Weatherman evolved from the Third World Marxists, a faction within Students for a Democratic Society (SDS), the major national organization representing the burgeoning New Left in the late 1960s. Led by Dohrn, James Mellen, and Mark Rudd, this “action faction” of the (by this point skeletal) SDS advocated street fighting as a method for weakening U.S. imperialism. At the SDS national convention in June 1969, the Third World Marxists presented a position paper titled “You Don't Need a Weatherman to Know Which Way the Wind Blows” in the SDS newspaper, New Left Notes. The article, the title of which was taken from a Bob Dylan song, asserted, among other things, that black liberation was key to the movement's antiimperialist struggle, and it emphasized the need for a white revolutionary movement to support liberation movements internationally. This article became the founding statement of Weatherman.

Weatherman launched an offensive that summer. In one action in the Northeast, it tried to recruit members at community colleges and high schools by marching into classrooms, tying up and gagging teachers, and presenting revolutionary speeches. At the Harvard Institute for International Affairs, they smashed windows, tore out phones, and beat up professors.

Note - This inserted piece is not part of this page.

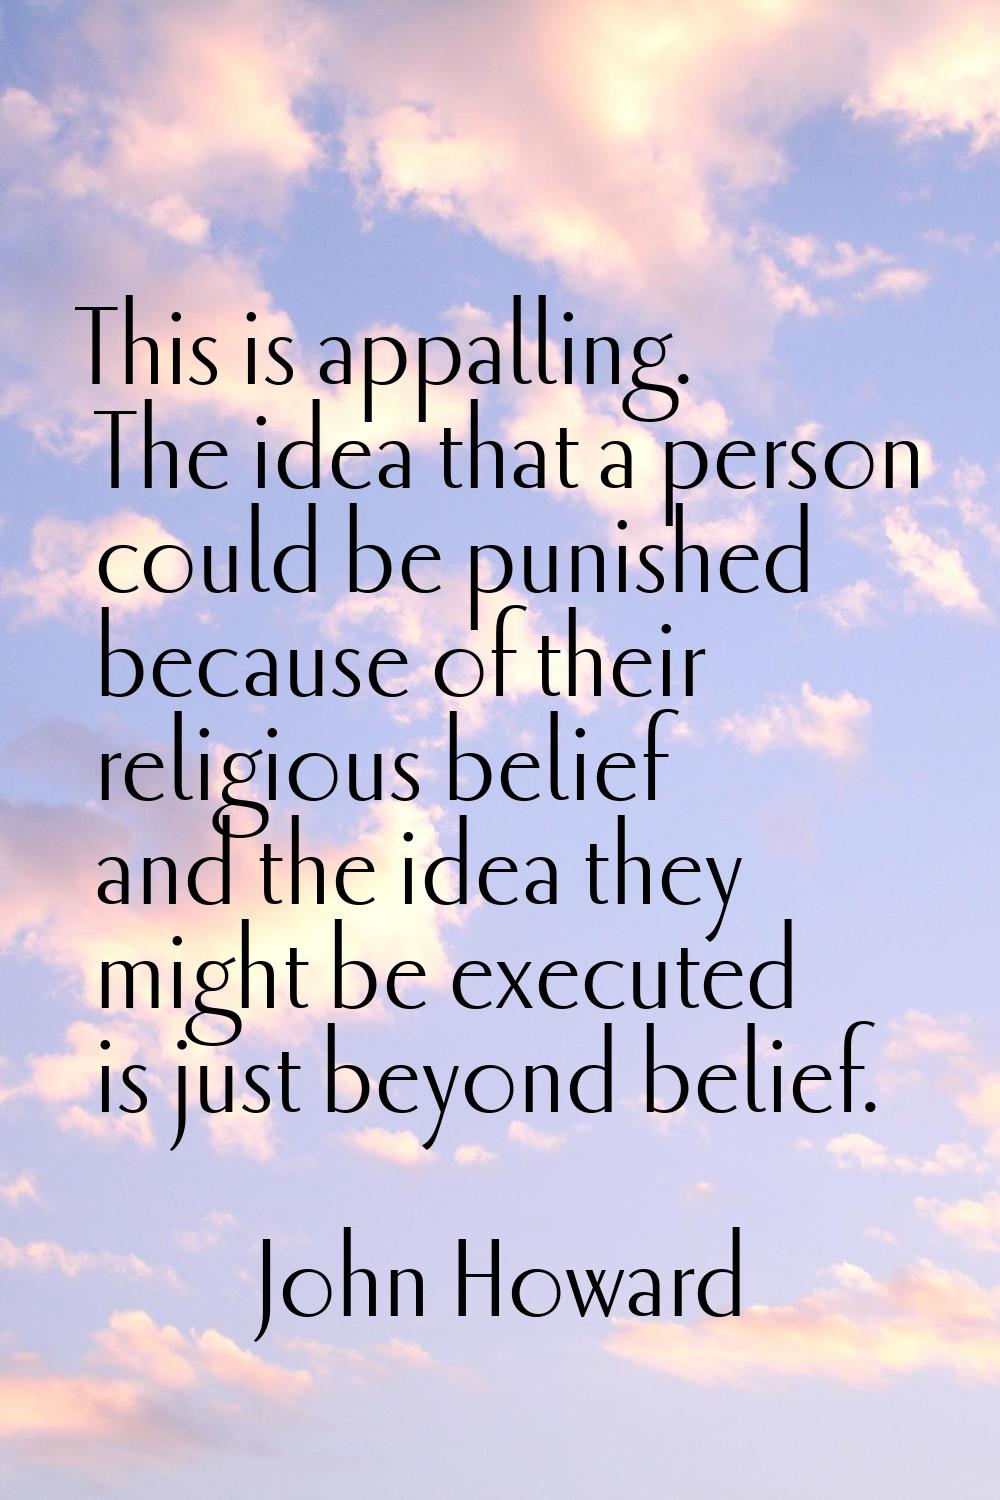 This is appalling. The idea that a person could be punished because of their religious belief and t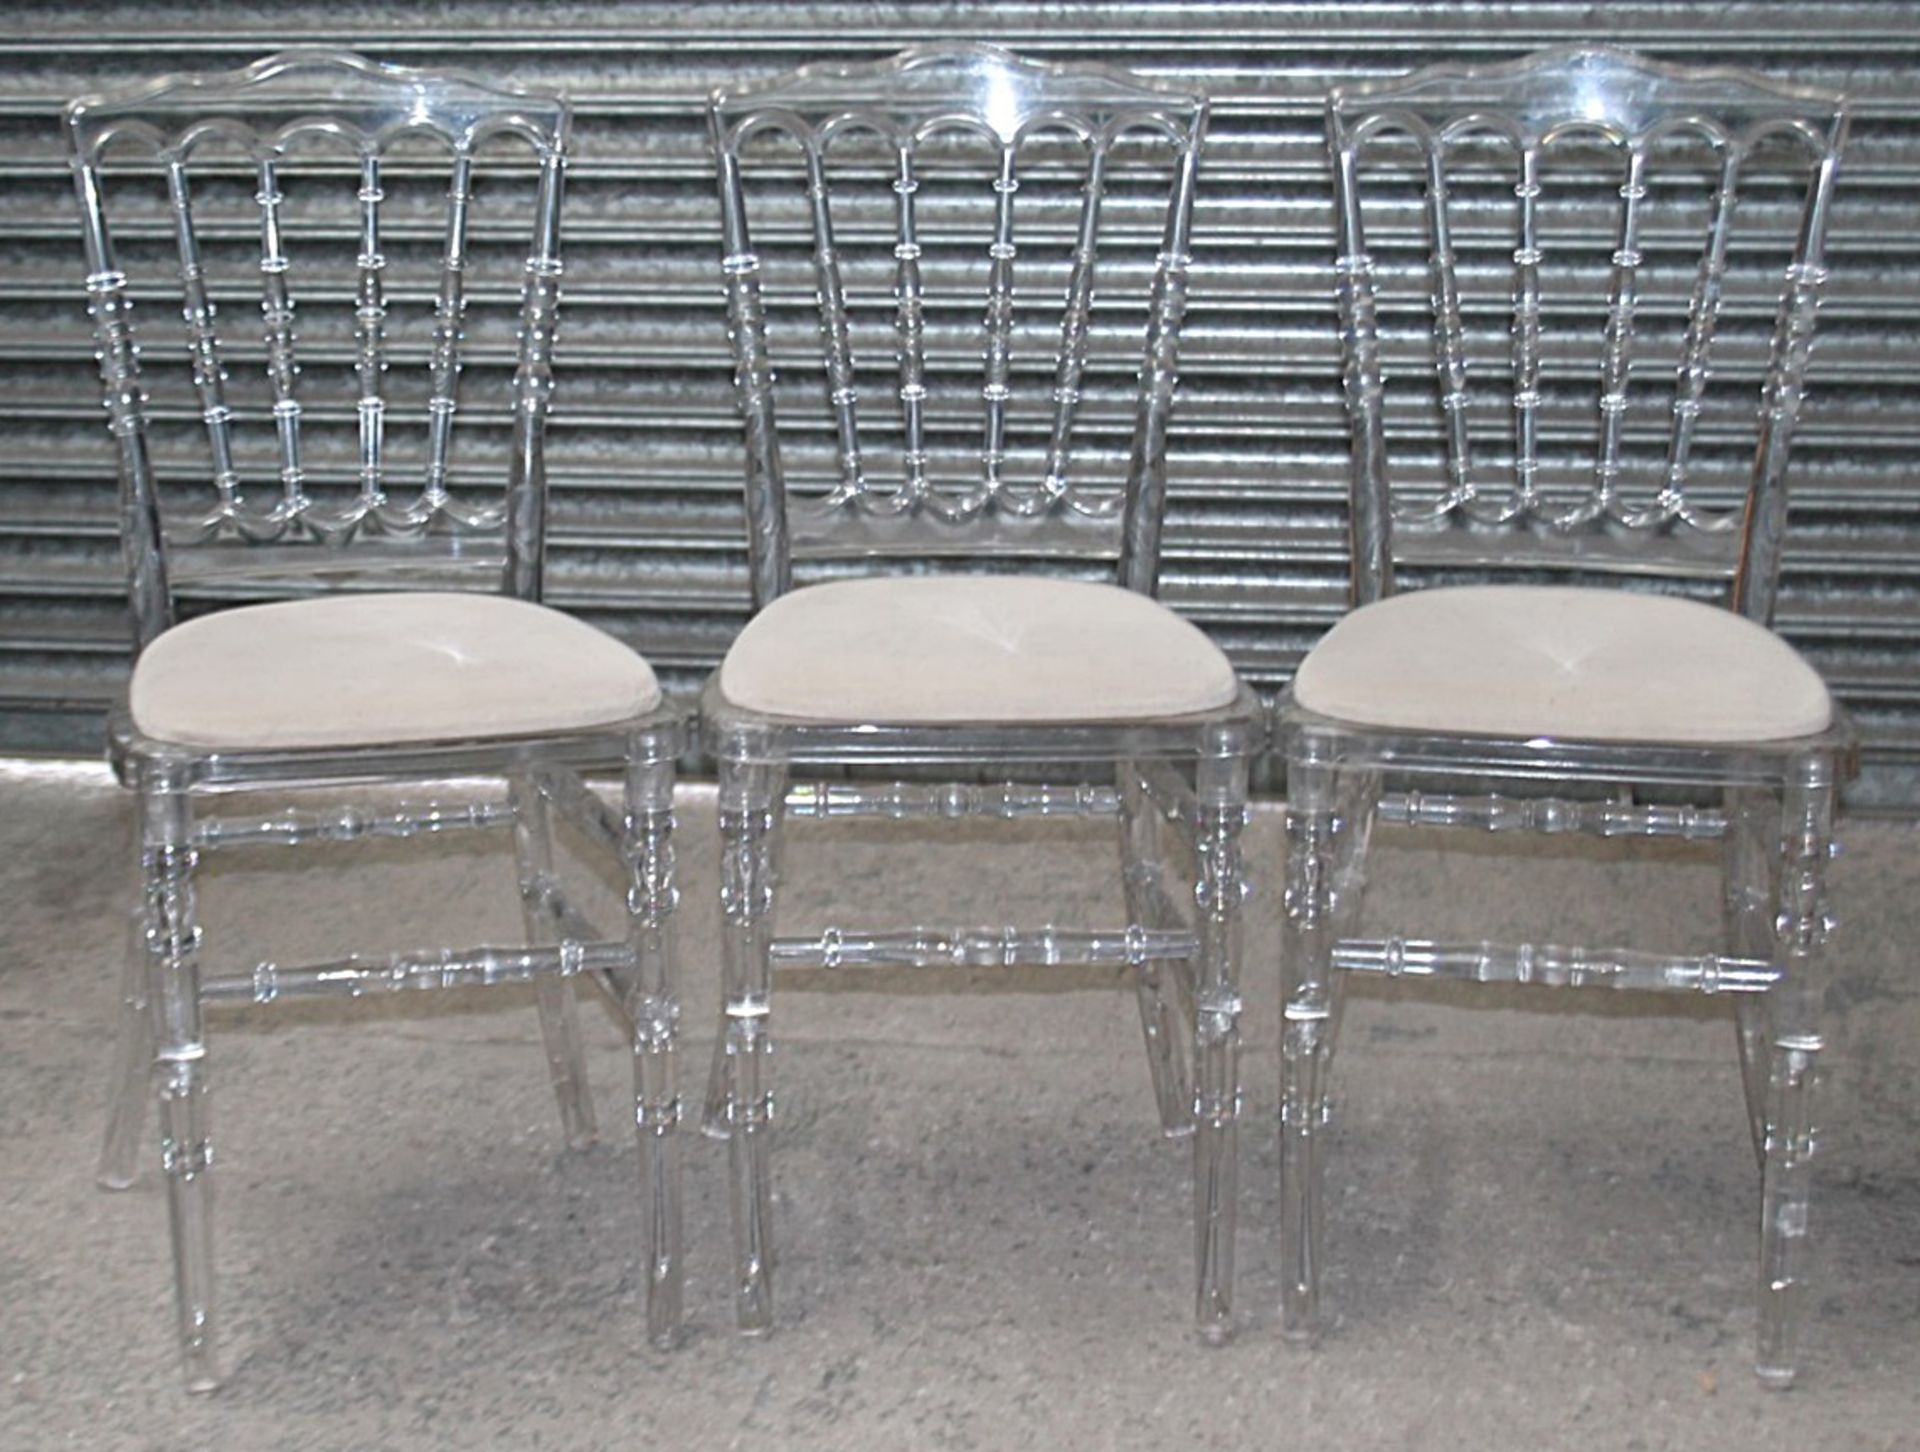 10 x High Quality Clear Acrylic Spindle Back Commercial Dining Chairs With Removable Seat Pads - Image 4 of 10

From October 8 to October 11, 1969, Weatherman worked to organize thousands of young people in a direct assault on the police, or the “pigs.” The group called this a “National Action,” but newspapers called it “Days of Rage.” The protests were to begin on the second anniversary of Che Guevara's death and coincide with the trial of the Chicago 8—eight men charged with conspiracy for their actions during the Democratic Convention in Chicago one year earlier. On October 6, 1969, Weatherman members blew up a statue in Chicago's Haymarket Square that commemorated a policeman who died in a riot in 1886. That message of confrontation and violence was echoed in Weatherman's signs and slogans, which read, “Bring the war home” and “The time has come for fighting in the streets.” However, “Days of Rage” proved to be only minimally successful. The demonstrations had a low turnout—as low as 100 by some counts— as well as several incidents of random, pointless rioting. By the end of the weekend, 284 people, including local youth and SDS members, had been arrested; total bail amounted to over $1.5 million.

Frustrated with the inefficacy of traditional forms of political protest after “Days of Rage” and other antiwar demonstrations throughout November, Weatherman called for a national “war council” meeting of the SDS that December. Members of the group discussed the need to instruct themselves in the use of firearms and bombs in order to target and attack sites of power in the United States, as well as the need to kill police. Much of this discussion was fueled by the recent killings of two members of the Black Panthers, Mark Clark and Fred Hampton, by Chicago police. In that meeting, held in Flint, Michigan, Weatherman decided to go underground and become a small-scale paramilitary operation carrying out urban guerrilla warfare.